Commit 14cd71e
feat: add compression level configuration for JSON/CSV writers (#18954)
## Which issue does this PR close?
Closes #18947
## Rationale for this change
Currently, DataFusion uses default compression levels when writing
compressed JSON and CSV files. For ZSTD, this means level 3, which
prioritizes speed over compression ratio.
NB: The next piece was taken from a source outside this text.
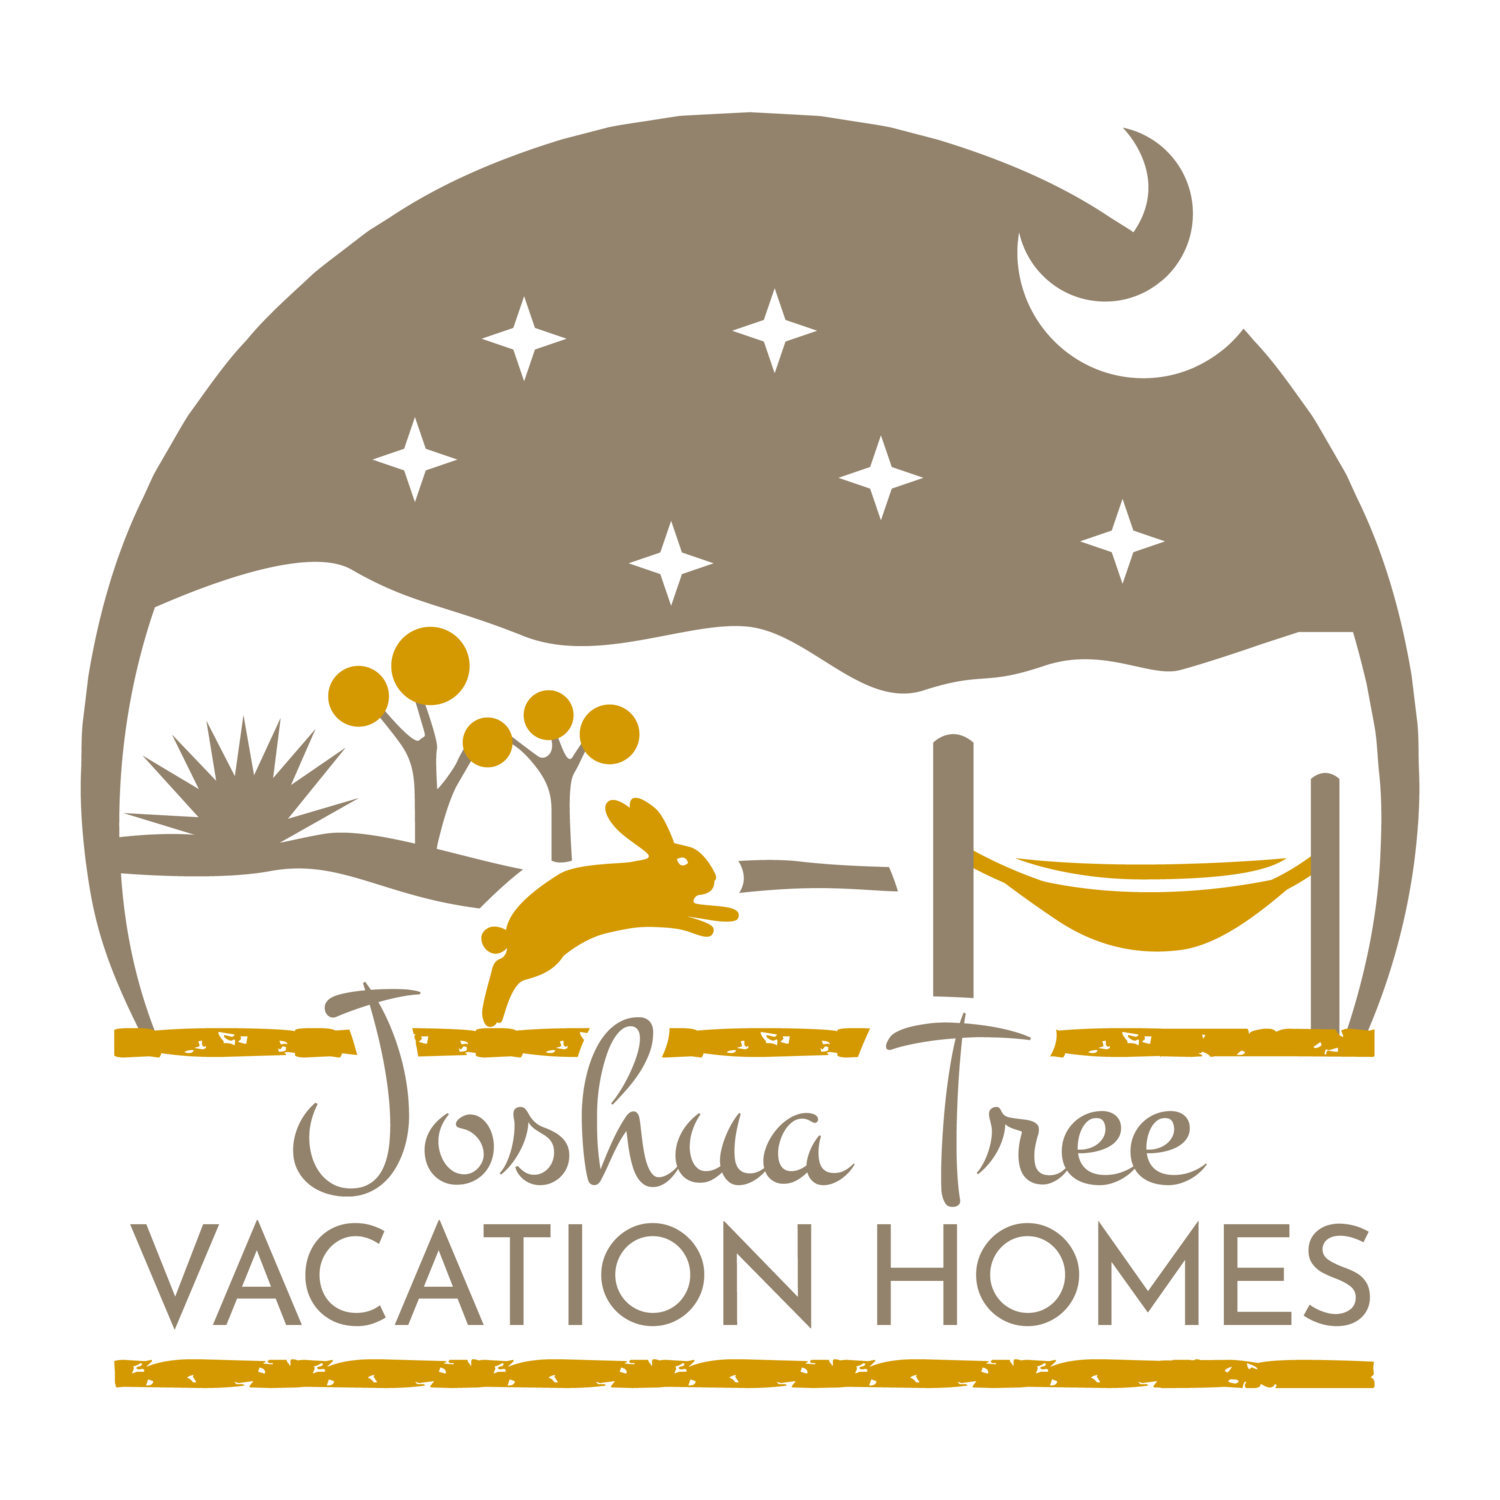 Joshua Tree Vacation Homes

Users working with large
datasets who want to optimize for storage costs or network transfer have
no way to increase the compression level.
This is particularly important for cloud data lake scenarios where
storage and egress costs can be significant.
## What changes are included in this PR?
- Add `compression_level: Option<u32>` field to `JsonOptions` and
`CsvOptions` in `config.rs`
- Add `convert_async_writer_with_level()` method to
`FileCompressionType` (non-breaking API extension)
- Keep original `convert_async_writer()` as a convenience wrapper for
backward compatibility
- Update `JsonWriterOptions` and `CsvWriterOptions` with
`compression_level` field
- Update `ObjectWriterBuilder` to support compression level
- Update JSON and CSV sinks to pass compression level through the write
pipeline
- Update proto definitions and conversions for serialization support
- Fix unrelated unused import warning in `udf.rs` (conditional
compilation for debug-only imports)
## Are these changes tested?
The changes follow the existing patterns used throughout the codebase.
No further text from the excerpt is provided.